Enhanced wireless power transfer system using integrated RF amplification

Abstract

This paper focuses on the concept of wireless power transfer, a technology that allows power to be transmitted over a certain distance without wires. In this paper, we focused on the power support to the implanted biomedical devices, where supplying power using wires is challenging. It can also be implemented on various low powered electronic devices to deliver power efficiently. This study presents an optimized WPT system that enhances power transmission efficiency by integrating a novel three-coil design and an advanced RF amplification approach. Our proposed system operates within the radio frequency (RF) range, initially at 3 MHz, unlike conventional designs, this model integrates an oscillator with an RF amplifier directly into the coil, eliminating the need for separate power amplification and impedance matching network while improving signal strength and power delivery. The suggested method provides consistent power transfers up to 13 cm, exceeding typical two-coil systems.
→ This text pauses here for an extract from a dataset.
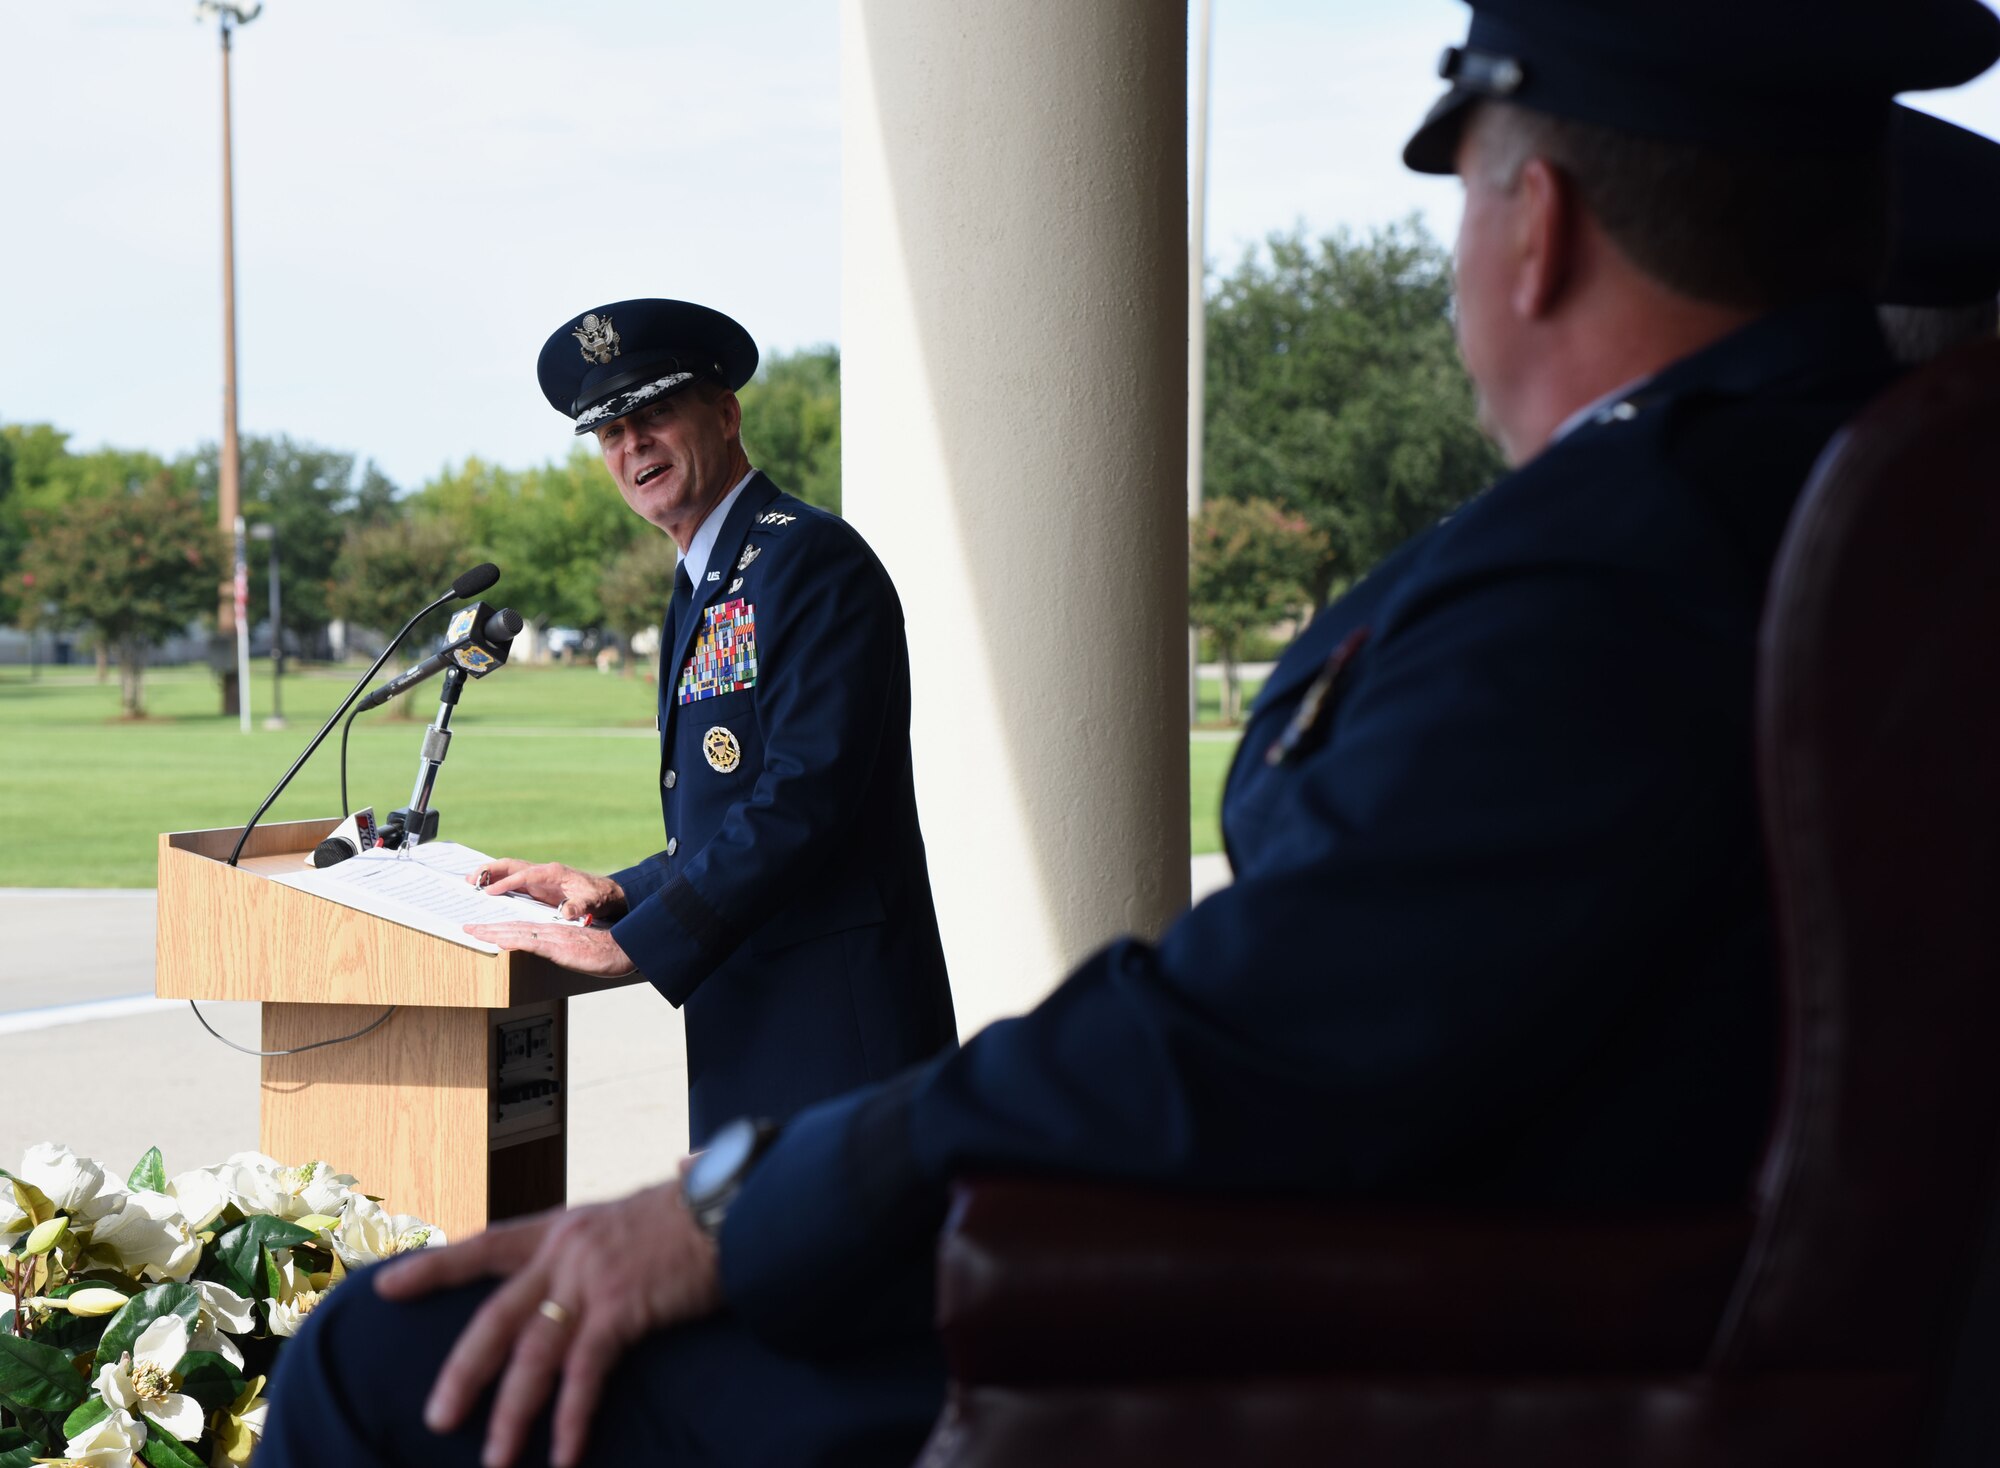 Lt. Gen. Darryl Roberson, commander of Air Education and Training Command, delivers remarks during the 2nd Air Force change of command ceremony at the Levitow Training Support Facility Aug. 23, 2017, on Keesler Air Force Base, Miss. Maj. Gen. Timothy Leahy took command of 2nd Air Force from Maj. Gen. Bob LaBrutta.  Leahy comes to Keesler from Air University at Maxwell AFB, Ala. (U.S. Air Force photo by Kemberly Groue)

Experimental results show a maximum efficiency of 69 % at 7 cm for a two-coil system and 71 % at 13 cm for a three-coil arrangement. RF amplification boosts received output power by 42 %, while overall system efficiency improves by 36 %. Resonant tuning minimizes midrange power loss by 28 %, allowing for consistent performance across long distances. Circuit simulations were carried out using Multisim, MATLAB, and the CST Studio Suite. The proposed design operates safely under SAR limitations (<1 × 10⁻⁶ W/kg), making it ideal for biomedical implants, mobile device charging, and tiny electronics. This paper proposes a feasible and scalable engineering solution for efficient mid-range WPT applications.